I would recommend a wired controller for its light weight and faster in response time (which is not noticeable BTW). Did I mention its cheaper?


----------



## newway01 (May 25, 2011)

A new wired controller available for 1100rs at online shop. However I'll be buying only used controllers - one wired and one wireless...


----------



## vamsi_krishna (May 25, 2011)

Gollum said:


> xbox360!!!!! hands down up or wherever you can put'em
> PS2 life cycle is over and there is hardly any new game title getting ready for release on the ps2.
> On question of controllers. you will find the 360 controller twisted if you are a fan of playstation.
> I would recommend a wired controller for its light weight and faster in response time (which is not noticeable BTW).
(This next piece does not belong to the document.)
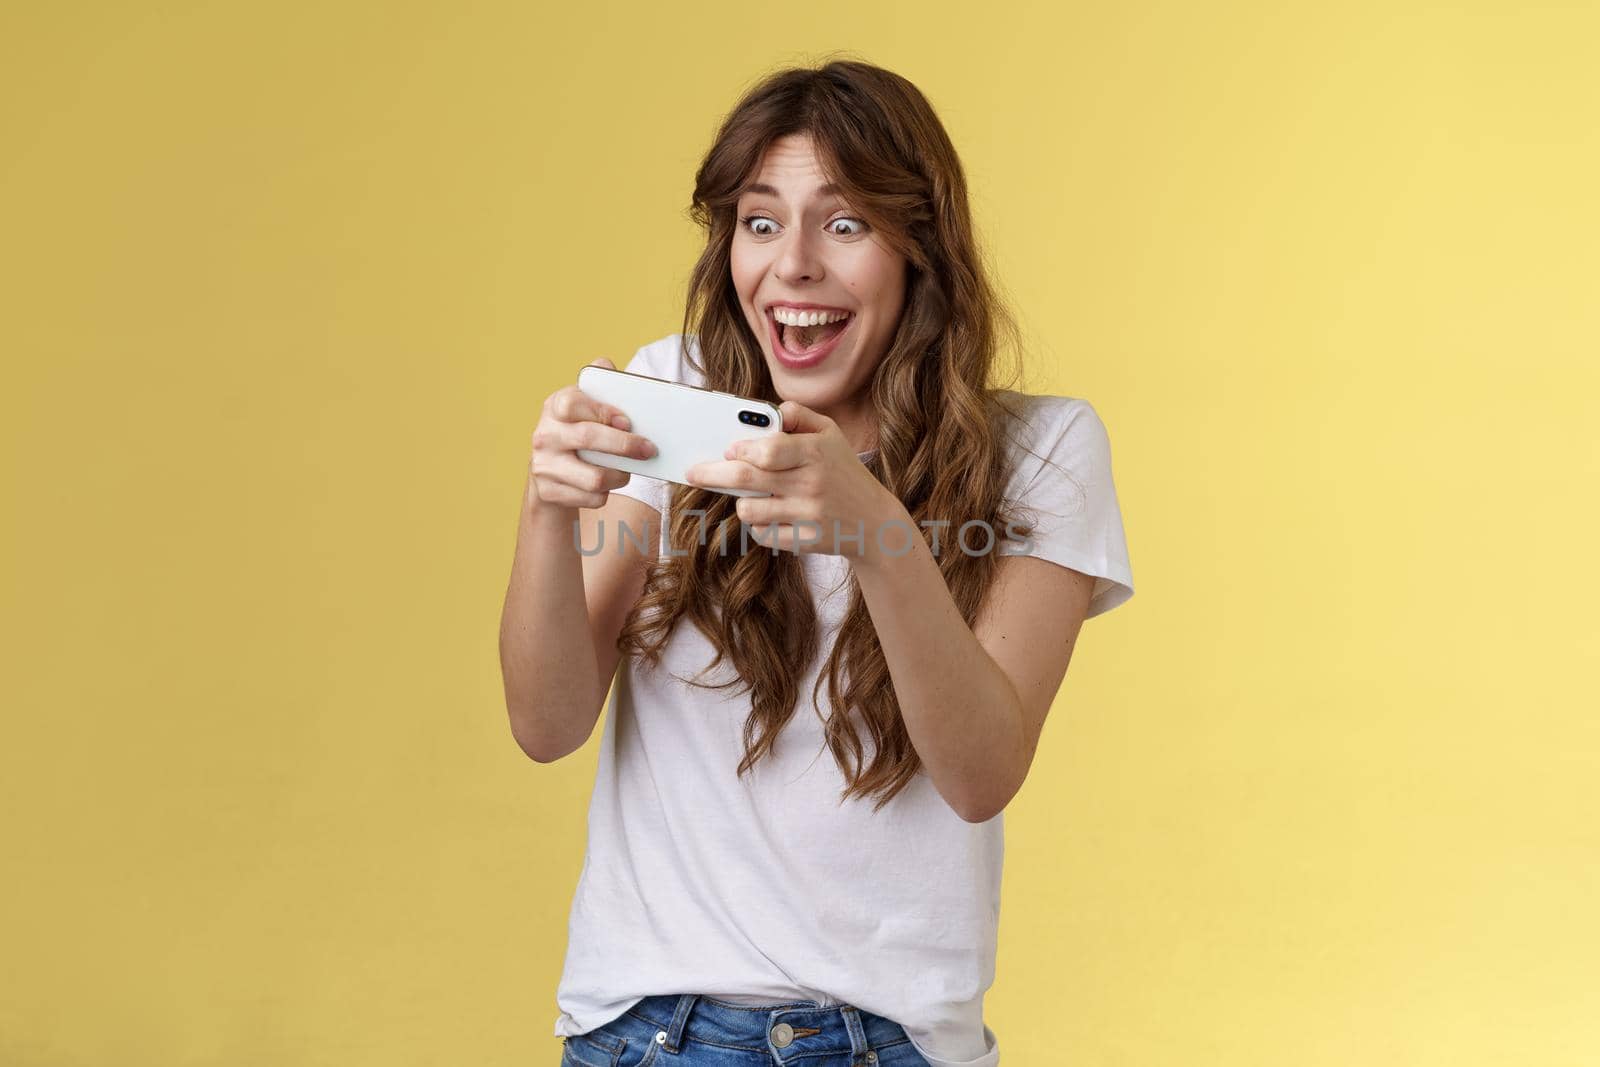 Happy upbeat playful enthusiastic curly-haired girl tempting playing stunning awesome smartphone game hold mobile phone horizontal way smiling broadly stare camera focused winning beat score. Lifestyle.

Did I mention its cheaper?



W/L has a latency of 8microseconds. Basically... Developers will take care of compensating the latency in wireless controllers. In the hands of a good developer.. latency of w/l will never cross 90ms (depends on their implementation of V-Sync) . I would say.. go with wireless if one has a HDTV.


----------



## Sarath (May 25, 2011)

Wireless is much better. Just make sure you never play on the wired one coz then the extra weight will just start bothering you.


----------



## vamsi_krishna (May 25, 2011)

Extra weight is always a good thing. If you ask me. Controller feels tight and worth holding with that added weight.


----------



## xxKiLLSwitcHxx (May 27, 2011)

*XBOX 360 FTW
You guys think there is much difference between PS3 and 360
Guys Be Mature.Stop defending your console.Justify the facts.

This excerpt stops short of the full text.